■ **TASK**
Return each line of the data below exactly, omitting any pictures.
[DATA SEGMENT Boundary: Start]
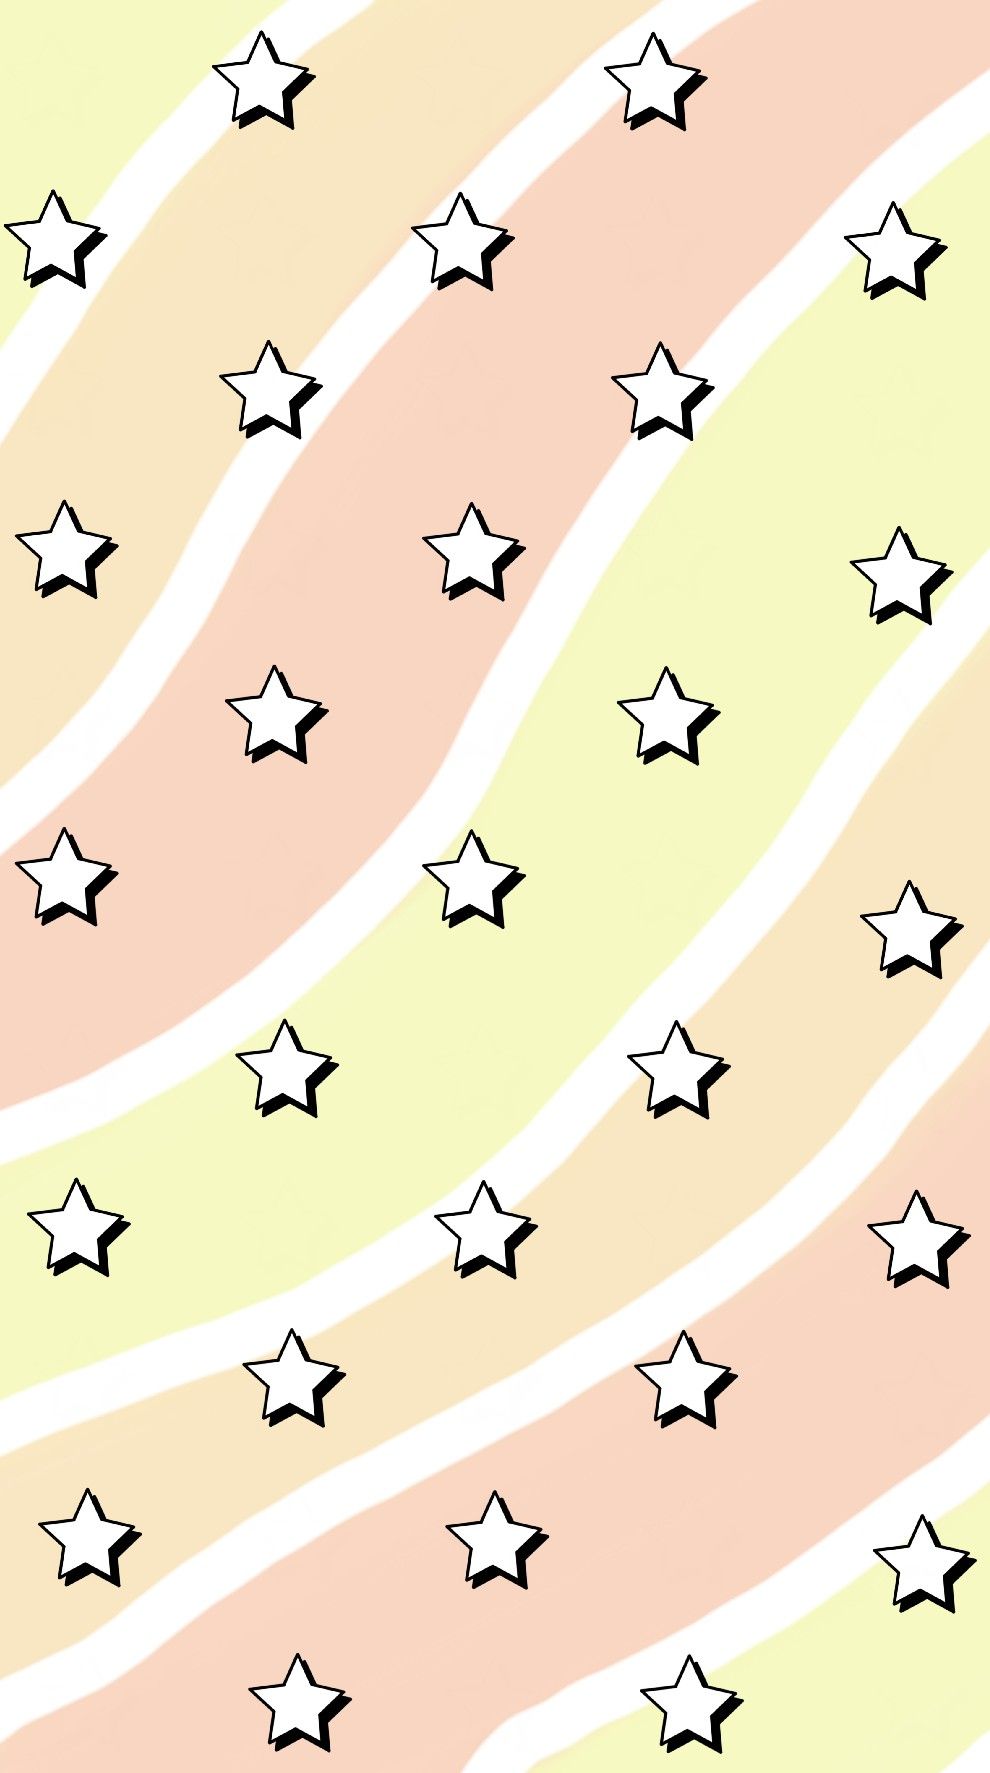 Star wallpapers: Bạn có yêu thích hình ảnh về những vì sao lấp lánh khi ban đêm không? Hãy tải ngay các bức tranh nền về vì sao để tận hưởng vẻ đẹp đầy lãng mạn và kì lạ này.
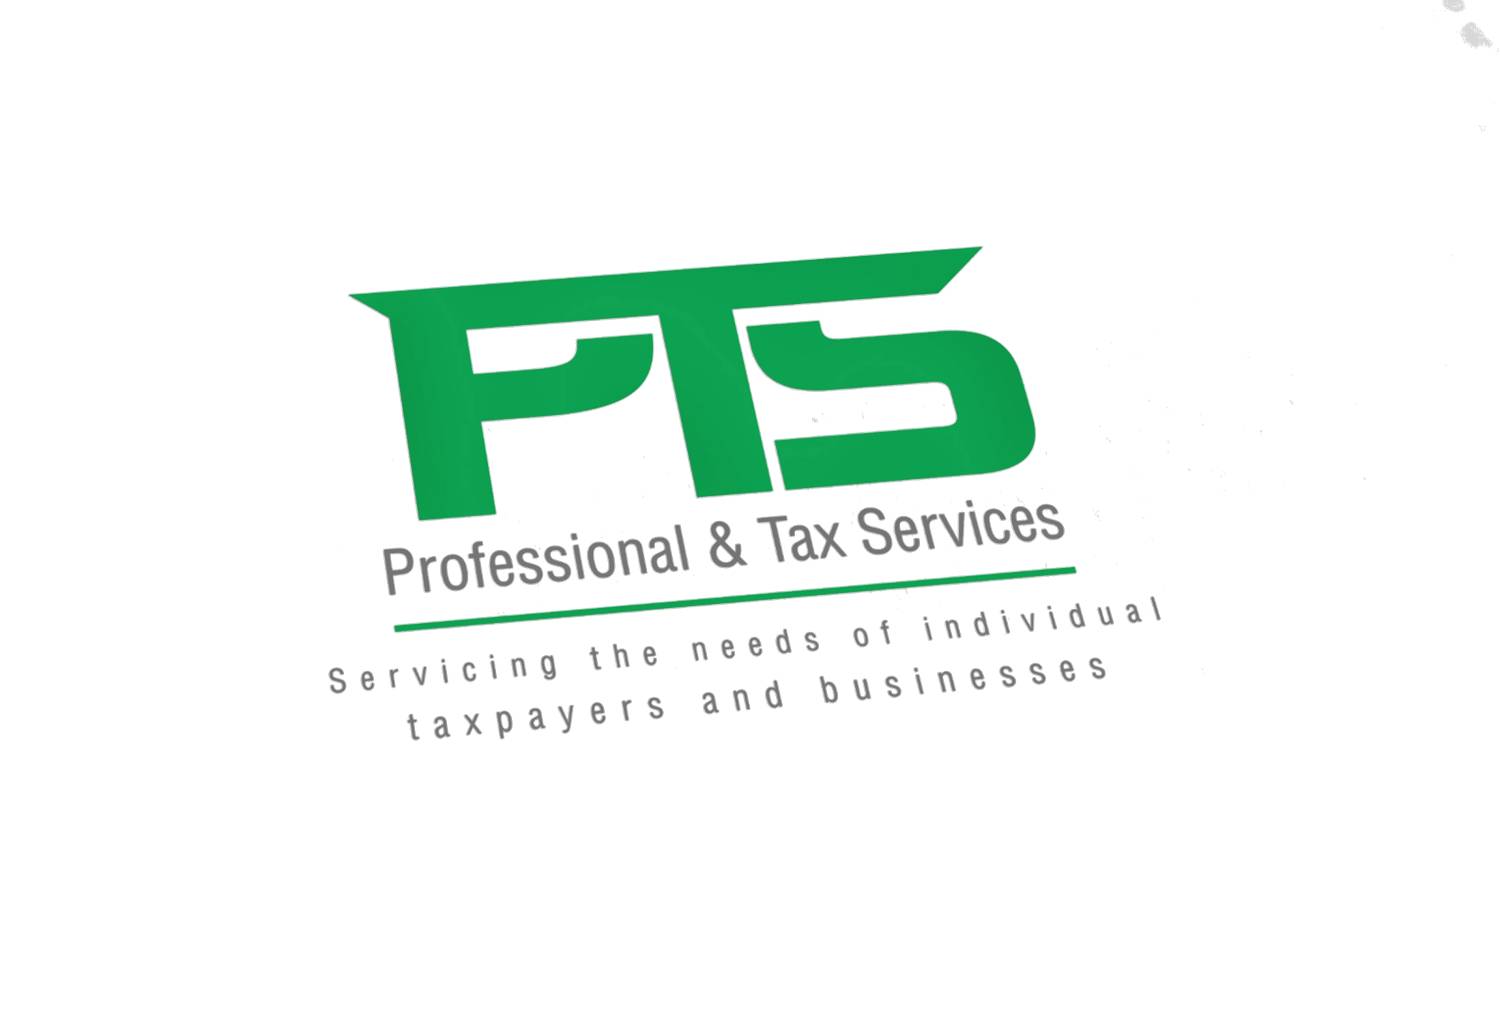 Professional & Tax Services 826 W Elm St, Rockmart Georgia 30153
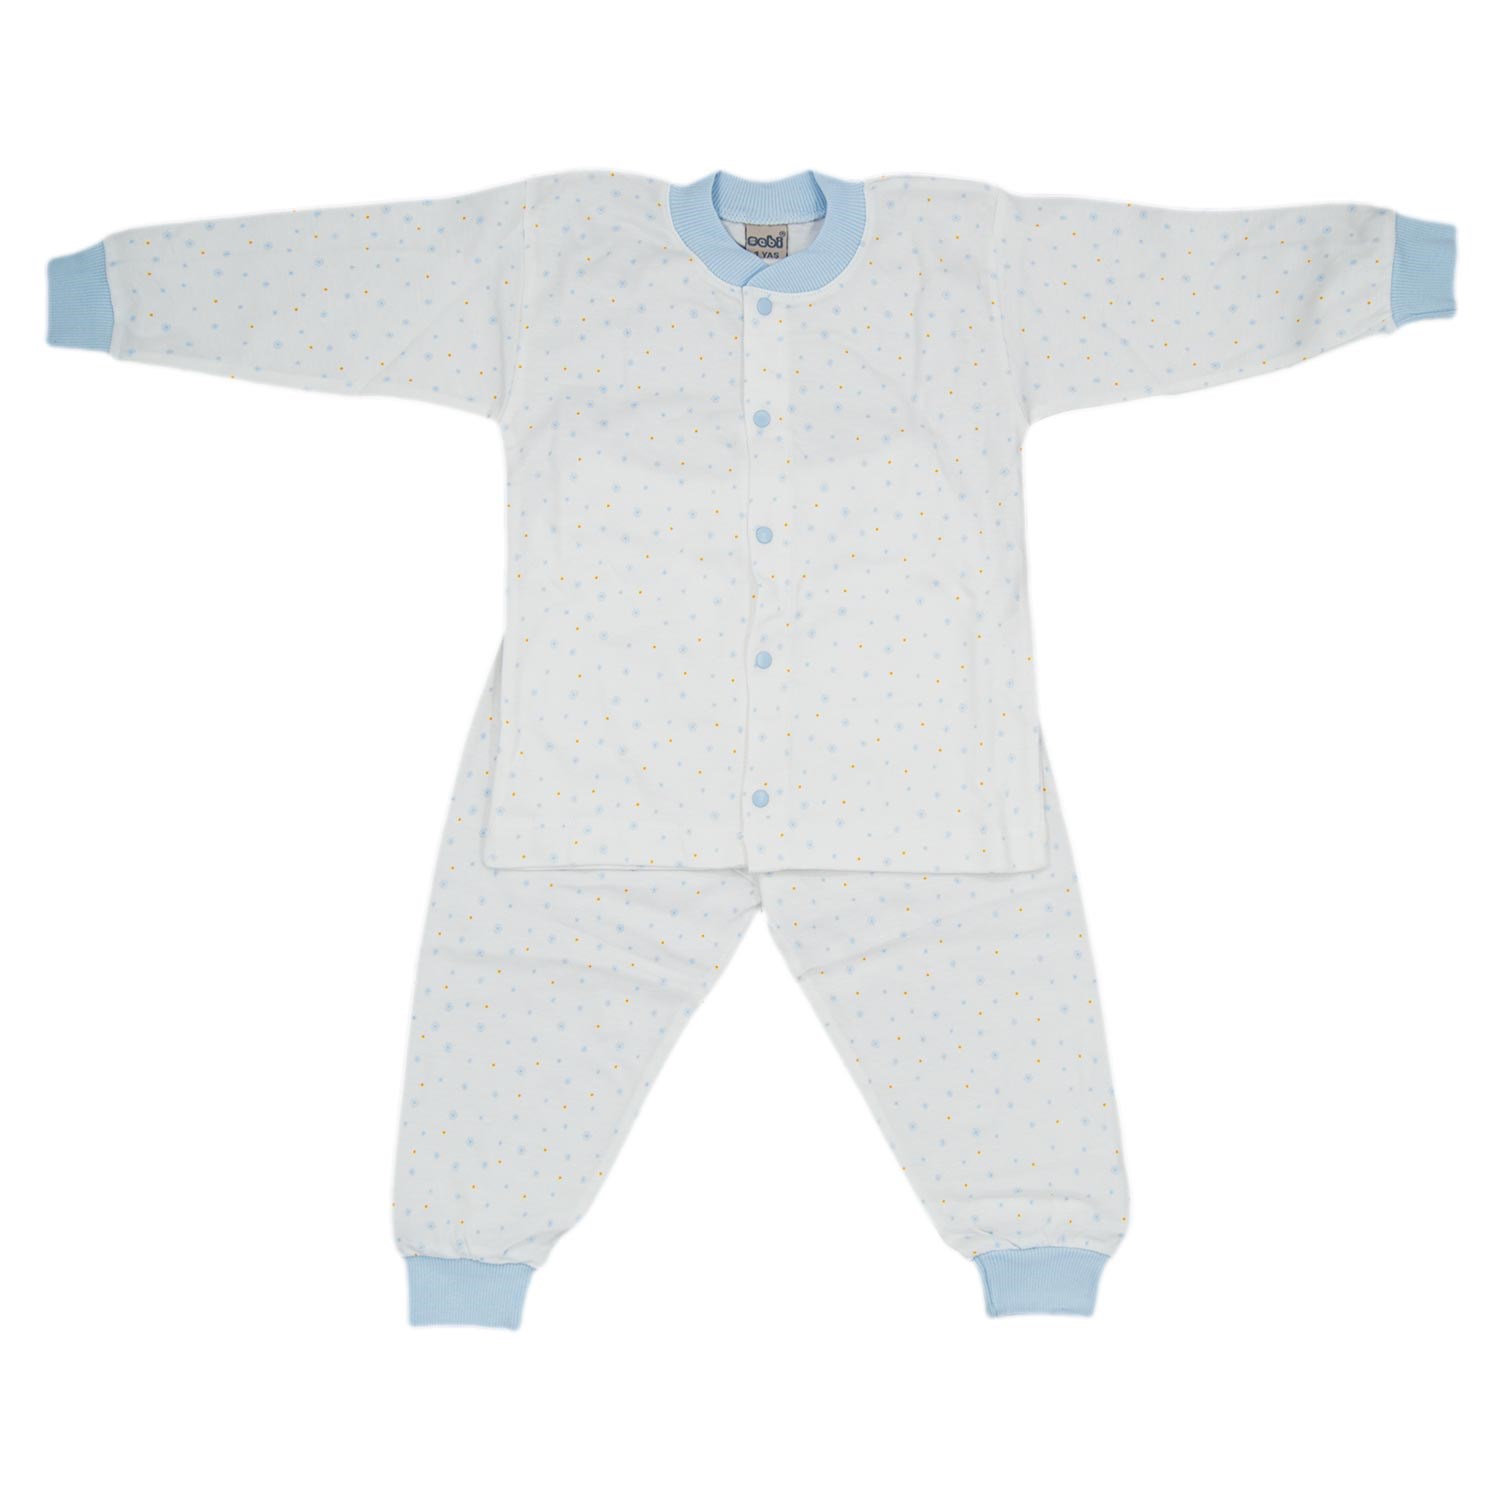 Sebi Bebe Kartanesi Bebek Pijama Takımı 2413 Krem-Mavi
[DATA SEGMENT Boundary: End]
■ **RESPONSE**
 Star wallpapers: Bạn có yêu thích hình ảnh về những vì sao lấp lánh khi ban đêm không? Hãy tải ngay các bức tranh nền về vì sao để tận hưởng vẻ đẹp đầy lãng mạn và kì lạ này.
 Professional & Tax Services 826 W Elm St, Rockmart Georgia 30153
 Sebi Bebe Kartanesi Bebek Pijama Takımı 2413 Krem-Mavi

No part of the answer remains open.